● **TASK TO COMPLETE**: In the records below, begin at the line containing "Mountain Equipment Men's" and end at the line containing "Allegra K Women's"; quote every line in that span exactly, including both boundary lines, and no others.

● **Items from a data source**:
* * * * * * * * *

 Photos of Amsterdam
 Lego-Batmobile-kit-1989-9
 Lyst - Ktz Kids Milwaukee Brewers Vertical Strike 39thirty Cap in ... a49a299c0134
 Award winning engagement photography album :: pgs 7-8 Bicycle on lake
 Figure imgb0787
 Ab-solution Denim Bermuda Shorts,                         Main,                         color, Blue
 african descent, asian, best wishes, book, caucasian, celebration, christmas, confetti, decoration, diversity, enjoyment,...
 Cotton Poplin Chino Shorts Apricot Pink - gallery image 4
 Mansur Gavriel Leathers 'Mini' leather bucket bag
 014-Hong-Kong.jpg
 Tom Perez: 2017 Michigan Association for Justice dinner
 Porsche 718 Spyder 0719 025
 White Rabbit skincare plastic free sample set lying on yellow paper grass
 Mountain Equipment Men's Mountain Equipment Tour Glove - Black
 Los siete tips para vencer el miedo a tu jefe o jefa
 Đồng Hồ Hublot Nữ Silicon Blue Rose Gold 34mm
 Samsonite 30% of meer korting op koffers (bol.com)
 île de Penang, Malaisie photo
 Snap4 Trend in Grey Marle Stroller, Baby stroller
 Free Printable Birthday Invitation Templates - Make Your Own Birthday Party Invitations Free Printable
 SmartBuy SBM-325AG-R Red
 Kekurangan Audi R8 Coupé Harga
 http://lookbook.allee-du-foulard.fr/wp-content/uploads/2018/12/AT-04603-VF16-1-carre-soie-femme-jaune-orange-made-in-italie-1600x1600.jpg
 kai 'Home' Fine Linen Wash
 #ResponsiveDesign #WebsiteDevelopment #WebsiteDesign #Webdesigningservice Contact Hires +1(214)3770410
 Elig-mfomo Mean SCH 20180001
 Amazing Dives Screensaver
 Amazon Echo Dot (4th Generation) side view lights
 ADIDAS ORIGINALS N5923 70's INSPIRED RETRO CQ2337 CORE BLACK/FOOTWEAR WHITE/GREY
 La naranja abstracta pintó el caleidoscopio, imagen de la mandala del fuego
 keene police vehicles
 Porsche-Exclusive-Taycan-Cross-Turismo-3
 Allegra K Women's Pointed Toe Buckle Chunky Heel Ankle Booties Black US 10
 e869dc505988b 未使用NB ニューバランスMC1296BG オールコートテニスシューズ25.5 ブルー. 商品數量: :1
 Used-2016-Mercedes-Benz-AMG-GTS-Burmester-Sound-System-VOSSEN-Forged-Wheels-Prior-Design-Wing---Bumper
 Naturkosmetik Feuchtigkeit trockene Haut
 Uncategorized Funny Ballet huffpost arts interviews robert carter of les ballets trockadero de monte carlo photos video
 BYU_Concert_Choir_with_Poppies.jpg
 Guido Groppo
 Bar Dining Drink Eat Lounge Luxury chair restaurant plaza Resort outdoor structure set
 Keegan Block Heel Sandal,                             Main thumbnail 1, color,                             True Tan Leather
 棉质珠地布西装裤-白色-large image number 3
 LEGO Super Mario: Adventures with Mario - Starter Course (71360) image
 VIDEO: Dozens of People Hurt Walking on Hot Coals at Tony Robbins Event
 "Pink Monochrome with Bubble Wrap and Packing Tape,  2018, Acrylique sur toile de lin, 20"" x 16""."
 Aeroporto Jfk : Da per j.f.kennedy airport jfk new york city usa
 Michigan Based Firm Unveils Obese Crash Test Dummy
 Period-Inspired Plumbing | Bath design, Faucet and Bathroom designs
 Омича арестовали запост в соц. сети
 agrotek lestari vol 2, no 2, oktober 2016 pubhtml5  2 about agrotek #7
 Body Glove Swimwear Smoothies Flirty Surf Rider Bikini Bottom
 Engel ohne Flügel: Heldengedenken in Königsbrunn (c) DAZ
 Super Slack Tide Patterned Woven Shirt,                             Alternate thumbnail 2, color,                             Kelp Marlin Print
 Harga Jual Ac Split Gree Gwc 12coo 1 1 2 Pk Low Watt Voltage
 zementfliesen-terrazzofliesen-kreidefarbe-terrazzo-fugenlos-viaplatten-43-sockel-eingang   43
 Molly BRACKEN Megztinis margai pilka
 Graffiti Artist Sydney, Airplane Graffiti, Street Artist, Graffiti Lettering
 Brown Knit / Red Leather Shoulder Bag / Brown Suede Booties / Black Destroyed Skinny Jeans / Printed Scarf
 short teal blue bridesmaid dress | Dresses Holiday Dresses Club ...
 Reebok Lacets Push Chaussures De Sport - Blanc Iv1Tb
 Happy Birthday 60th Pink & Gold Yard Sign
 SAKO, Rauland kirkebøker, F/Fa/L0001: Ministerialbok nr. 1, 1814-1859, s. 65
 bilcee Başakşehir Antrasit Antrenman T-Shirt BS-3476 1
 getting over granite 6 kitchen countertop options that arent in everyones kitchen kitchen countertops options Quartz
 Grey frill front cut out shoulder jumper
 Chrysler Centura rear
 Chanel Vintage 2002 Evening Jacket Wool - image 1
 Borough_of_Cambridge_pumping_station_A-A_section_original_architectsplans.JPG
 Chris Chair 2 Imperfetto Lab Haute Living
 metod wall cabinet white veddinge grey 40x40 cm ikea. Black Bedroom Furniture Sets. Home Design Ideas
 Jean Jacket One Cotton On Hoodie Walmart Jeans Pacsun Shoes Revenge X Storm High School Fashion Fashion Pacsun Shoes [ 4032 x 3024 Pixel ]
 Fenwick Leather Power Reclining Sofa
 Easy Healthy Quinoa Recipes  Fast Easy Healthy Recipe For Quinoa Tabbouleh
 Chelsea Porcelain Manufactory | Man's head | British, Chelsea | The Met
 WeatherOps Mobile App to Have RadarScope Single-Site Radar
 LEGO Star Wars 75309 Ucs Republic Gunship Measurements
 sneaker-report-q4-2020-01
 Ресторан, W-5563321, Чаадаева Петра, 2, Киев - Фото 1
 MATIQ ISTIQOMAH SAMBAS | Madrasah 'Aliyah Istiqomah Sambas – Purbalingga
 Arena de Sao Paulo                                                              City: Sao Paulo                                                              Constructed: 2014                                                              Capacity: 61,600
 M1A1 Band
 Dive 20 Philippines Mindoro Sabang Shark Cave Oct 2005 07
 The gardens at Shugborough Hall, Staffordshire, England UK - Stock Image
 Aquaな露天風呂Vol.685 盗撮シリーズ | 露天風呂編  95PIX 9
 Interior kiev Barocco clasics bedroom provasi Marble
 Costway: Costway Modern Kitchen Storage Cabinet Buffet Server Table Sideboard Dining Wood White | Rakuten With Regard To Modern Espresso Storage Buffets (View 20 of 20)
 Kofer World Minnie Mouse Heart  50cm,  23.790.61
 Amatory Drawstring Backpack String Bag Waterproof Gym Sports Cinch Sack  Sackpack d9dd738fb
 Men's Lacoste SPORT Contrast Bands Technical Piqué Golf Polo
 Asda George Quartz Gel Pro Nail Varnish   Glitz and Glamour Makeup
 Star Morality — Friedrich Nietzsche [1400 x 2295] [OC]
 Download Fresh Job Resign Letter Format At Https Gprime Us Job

* * * * * * * * *

● **ANSWER**:
 Mountain Equipment Men's Mountain Equipment Tour Glove - Black
 Los siete tips para vencer el miedo a tu jefe o jefa
 Đồng Hồ Hublot Nữ Silicon Blue Rose Gold 34mm
 Samsonite 30% of meer korting op koffers (bol.com)
 île de Penang, Malaisie photo
 Snap4 Trend in Grey Marle Stroller, Baby stroller
 Free Printable Birthday Invitation Templates - Make Your Own Birthday Party Invitations Free Printable
 SmartBuy SBM-325AG-R Red
 Kekurangan Audi R8 Coupé Harga
 http://lookbook.allee-du-foulard.fr/wp-content/uploads/2018/12/AT-04603-VF16-1-carre-soie-femme-jaune-orange-made-in-italie-1600x1600.jpg
 kai 'Home' Fine Linen Wash
 #ResponsiveDesign #WebsiteDevelopment #WebsiteDesign #Webdesigningservice Contact Hires +1(214)3770410
 Elig-mfomo Mean SCH 20180001
 Amazing Dives Screensaver
 Amazon Echo Dot (4th Generation) side view lights
 ADIDAS ORIGINALS N5923 70's INSPIRED RETRO CQ2337 CORE BLACK/FOOTWEAR WHITE/GREY
 La naranja abstracta pintó el caleidoscopio, imagen de la mandala del fuego
 keene police vehicles
 Porsche-Exclusive-Taycan-Cross-Turismo-3
 Allegra K Women's Pointed Toe Buckle Chunky Heel Ankle Booties Black US 10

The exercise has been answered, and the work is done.